**EXERCISE INPUT**
□ □ □ □ □

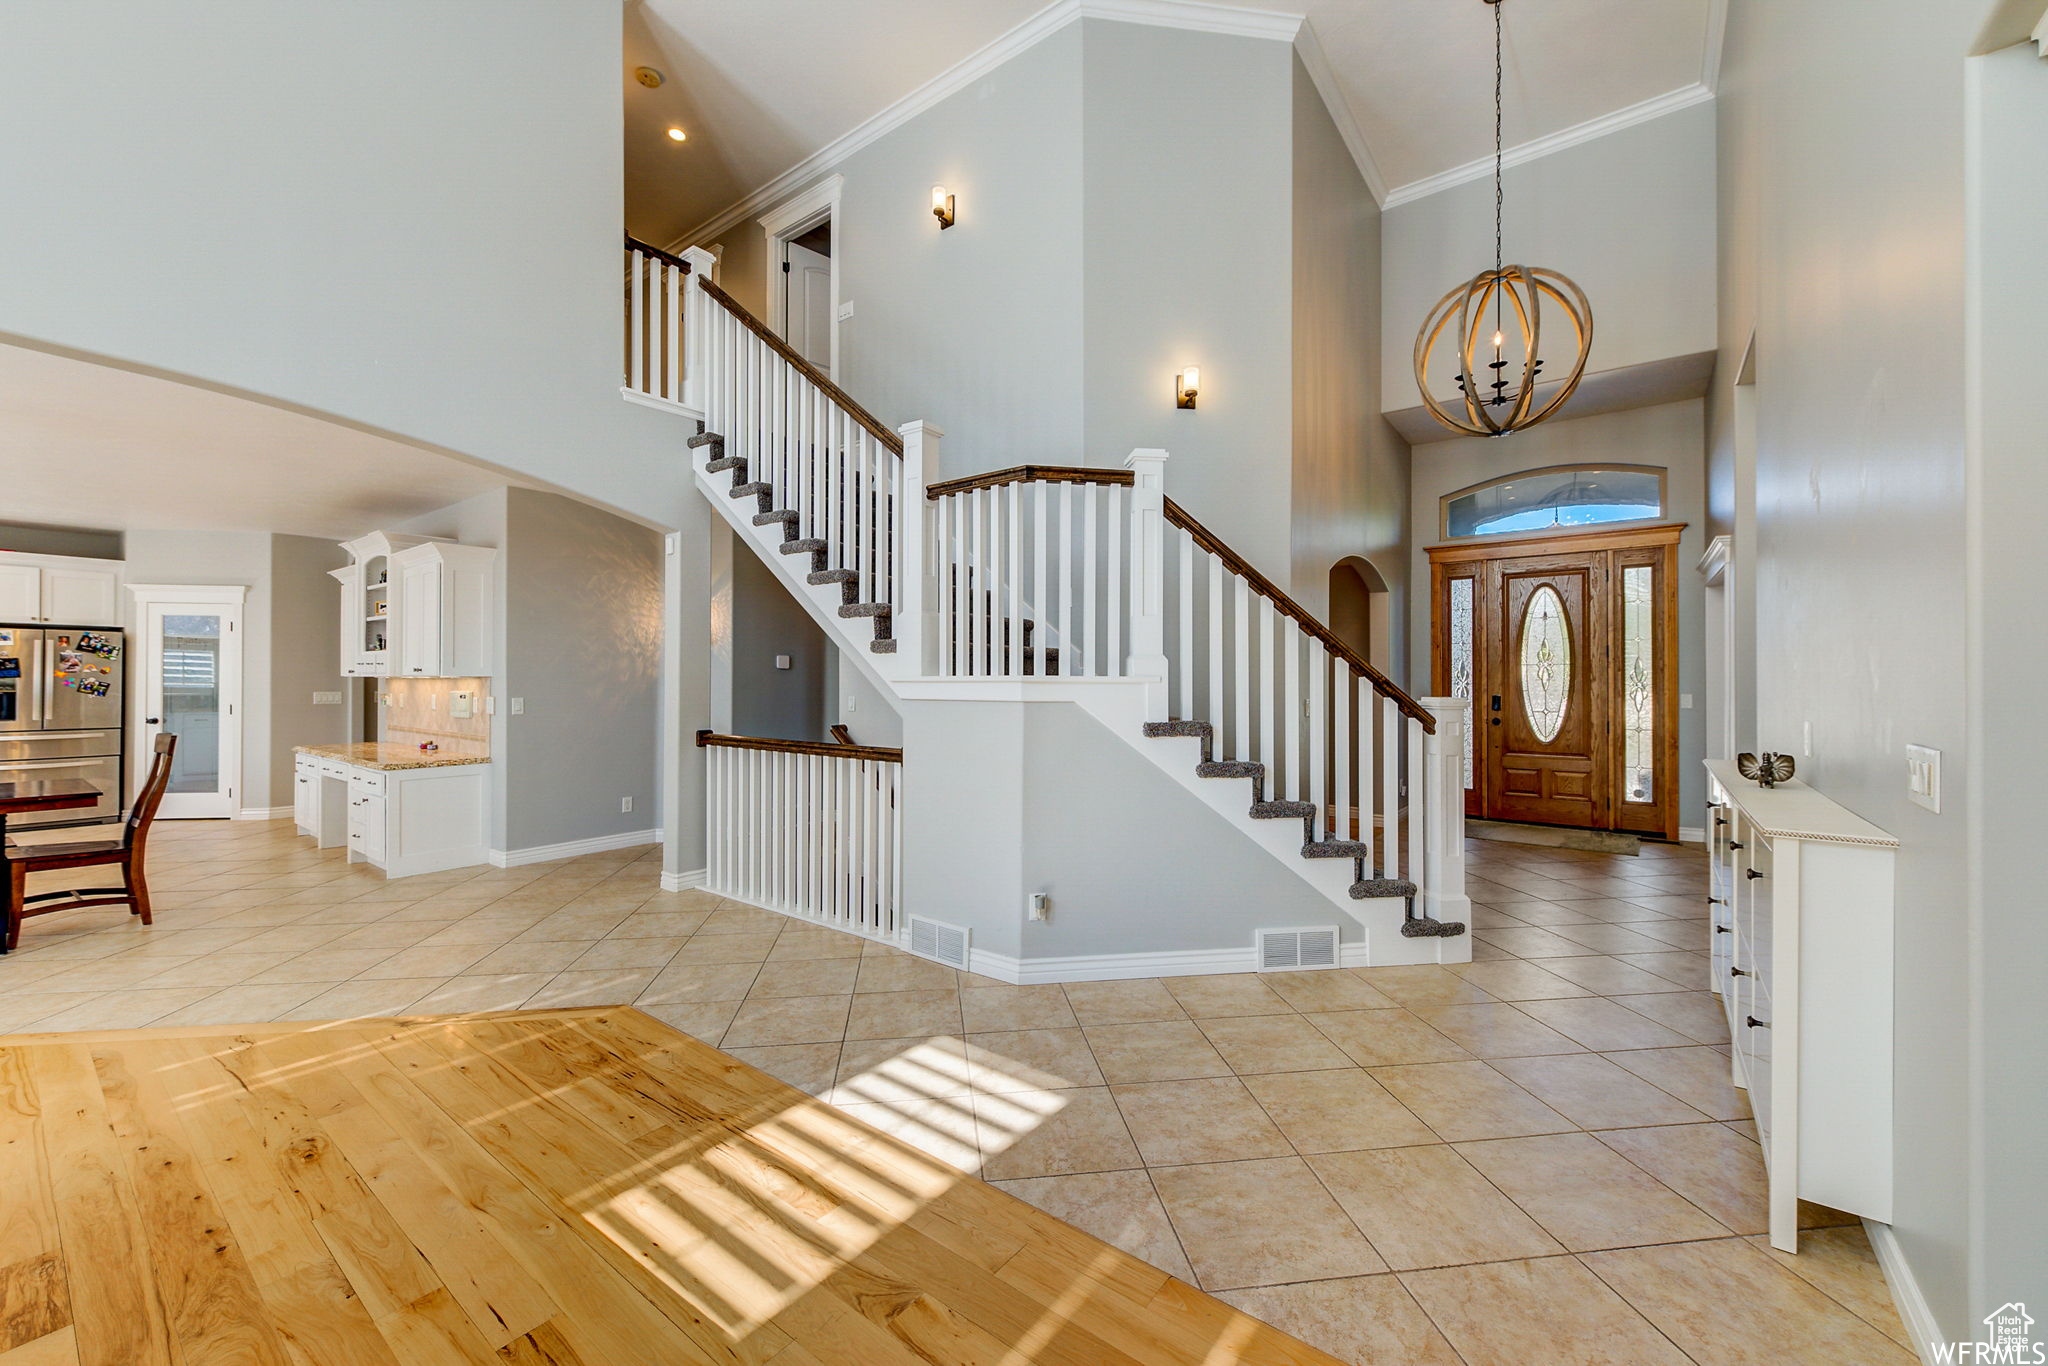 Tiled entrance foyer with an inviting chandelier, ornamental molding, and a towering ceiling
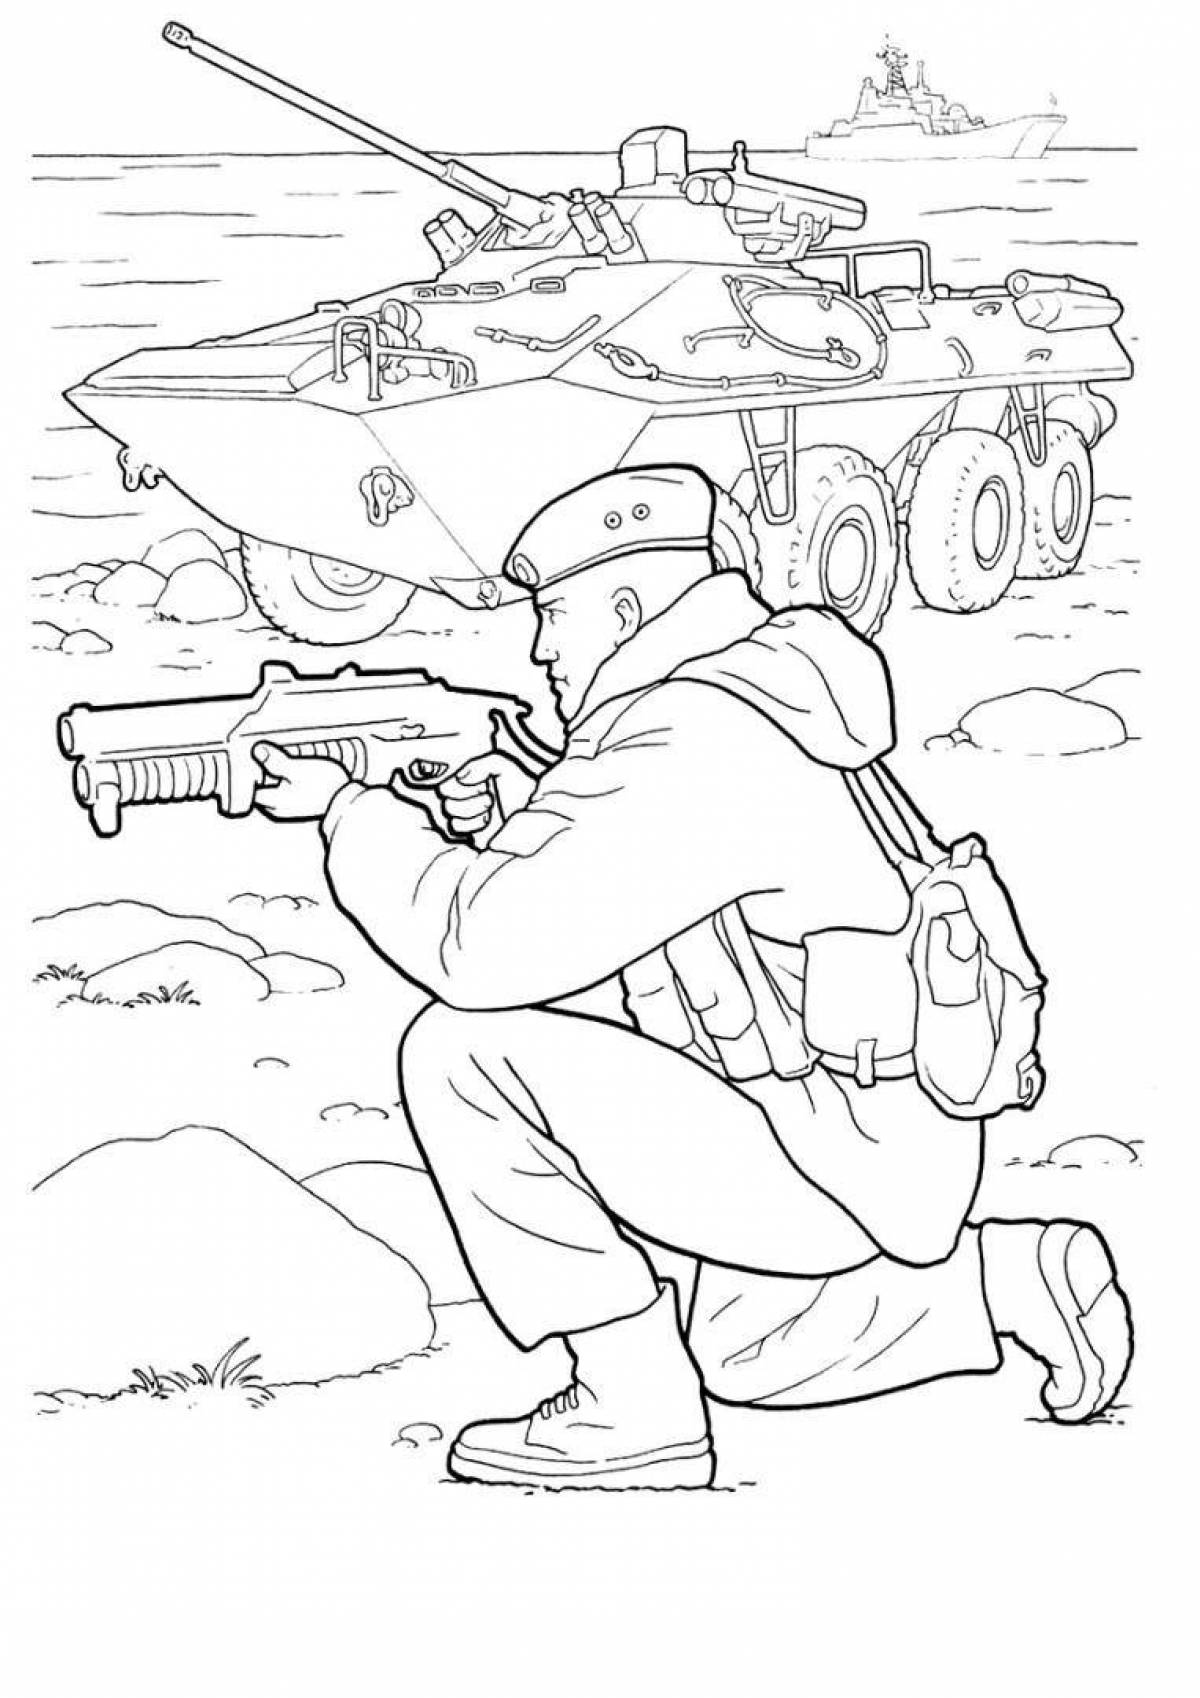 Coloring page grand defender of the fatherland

□ □ □ □ □

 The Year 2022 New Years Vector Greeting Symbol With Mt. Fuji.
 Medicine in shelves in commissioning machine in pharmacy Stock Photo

□ □ □ □ □

**TO DO**
Look above for the line with "Tiled entrance foyer" and the line with "Coloring page grand". Copy them and every line between, exactly, but no pictures.

**FINISHED TASK**
 Tiled entrance foyer with an inviting chandelier, ornamental molding, and a towering ceiling
 Coloring page grand defender of the fatherland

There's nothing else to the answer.